Kucinich announced his intention to return the fee in a letter to the Plain Dealer editorial board, after an editorial this week called on him to sever ties with apologists for Syrian dictator Bashar al-Assad. (The editorial reaffirmed the paper's endorsement of Kucinich, however, and it was unclear whether or not a continued endorsement was contingent upon the severing of ties.)
Kucinich said, in his letter, that the organization that paid for his trip, the Association for Investment in Popular Action Committees, "did not identify itself as having any interest other than human rights and never specifically mentioned to me their interest in or position regarding the Syrian regime.
"If they had, I would have declined their offer," Kucinich said, "because anyone who stands for peace must be able to remain above the appearance of influence. Accordingly, having only recently learned of their advocacy, I am returning their fee."
Kucinich has also come under fire in the national media for receiving payments from Bassam and Elie Khawam, "brothers linked to Assad." After that news broke, Kucinich quickly sent out material indicating that the Ohio brothers, originally from Lebanon, had been unfairly accused. They were personal friends of his and regular political fundraisers, Kucinich said, who had donated to many elected Democrats in Ohio and nationally, including Sherrod Brown, Marcy Kaptur and Presidents Bill Clinton and Barack Obama. Kucinich was keen to note that the Khawams also organized fundraising and donated personally to former Governor Ted Strickland, who'd questioned Kucinich's associations on behalf of the Richard Cordray campaign.
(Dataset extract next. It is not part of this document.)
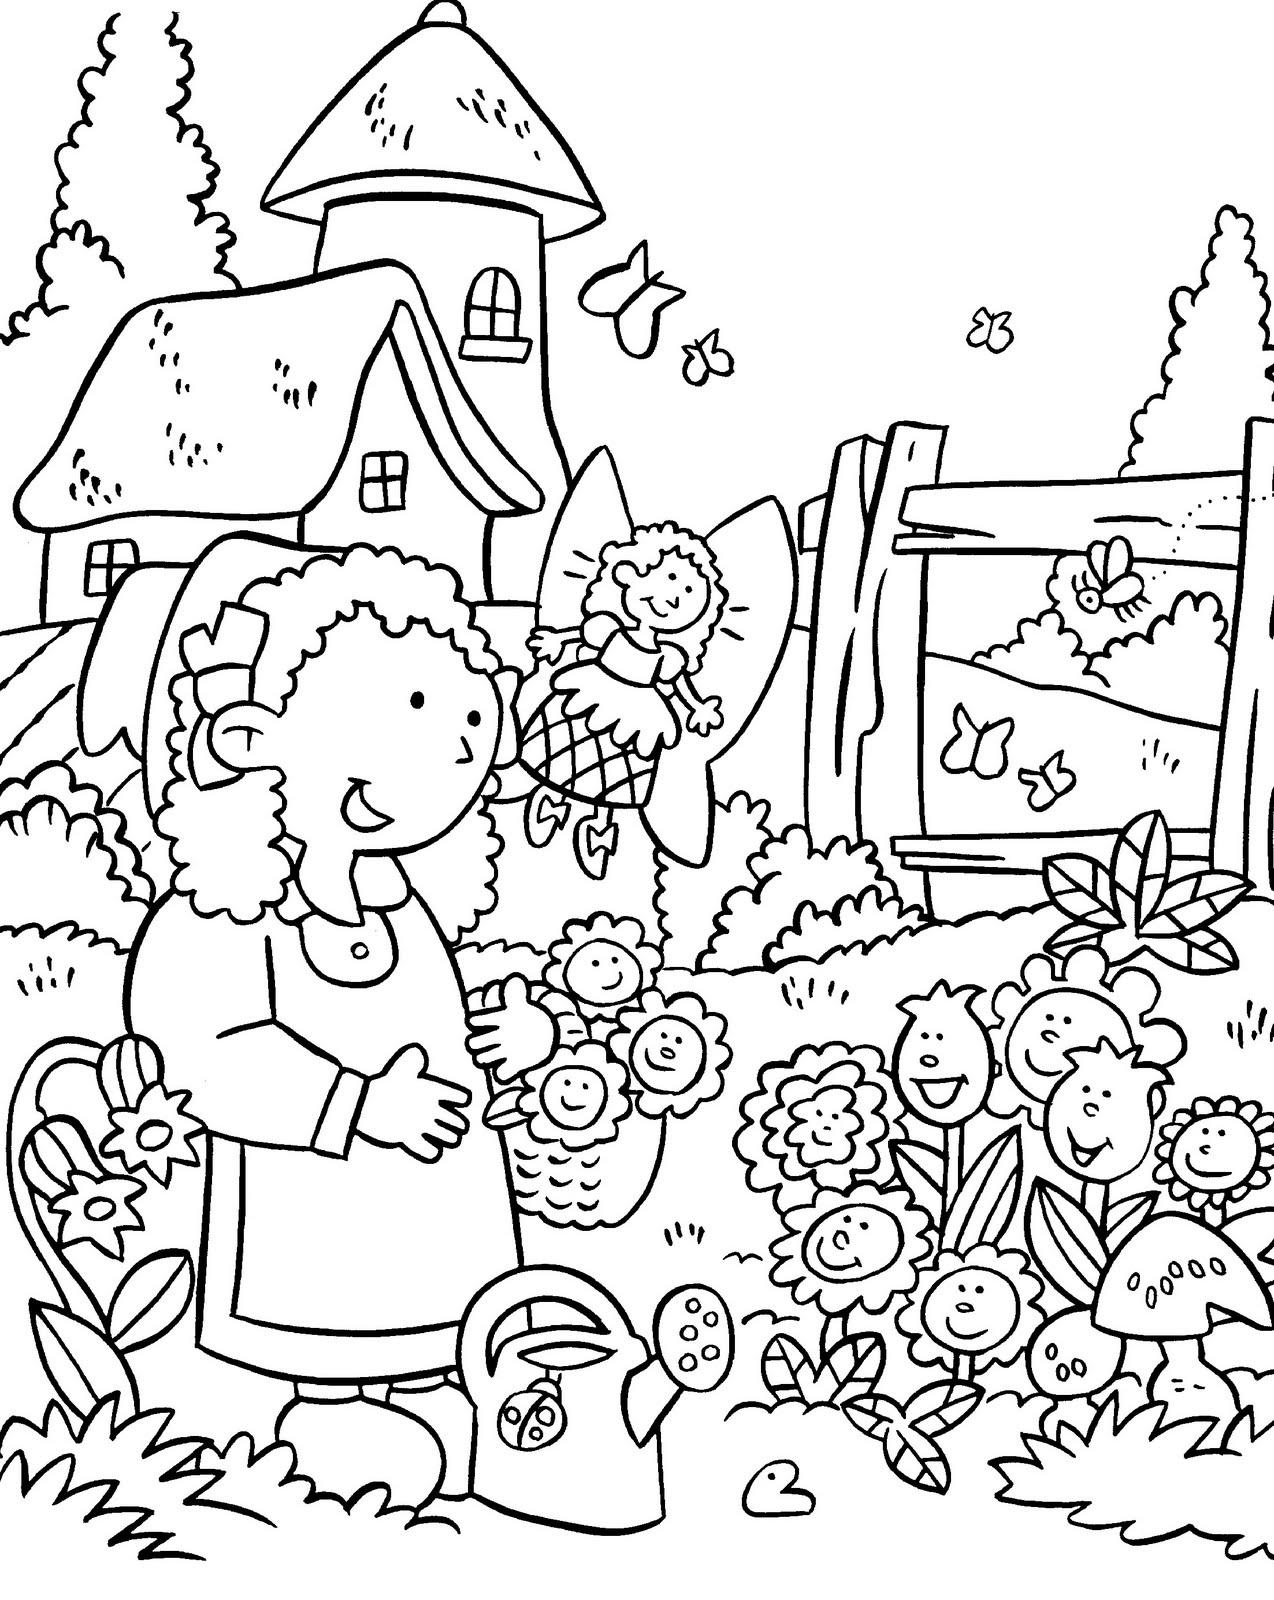 garden coloring sheet inkspired musings it39s hard to be green sheet coloring garden

In his letter to the Plain Dealer, Kucinich addressed earlier trips to the Middle East sponsored by AACCESS-Ohio, a local Arab-American group of which the Khawam brothers are members.
"At no time during any of the trips sponsored by AACCESS to the region, during which I visited the government as well as the opposition, did I ever take sides in Syria’s internal politics, or publicly state support for the regime, its repressive practices, its brutality to political opponents, or its security state apparatus," Kucinich said.
He concluded that he'd learned a valuable lesson "on the necessity of ever more carefully regarding the appearance of entanglement."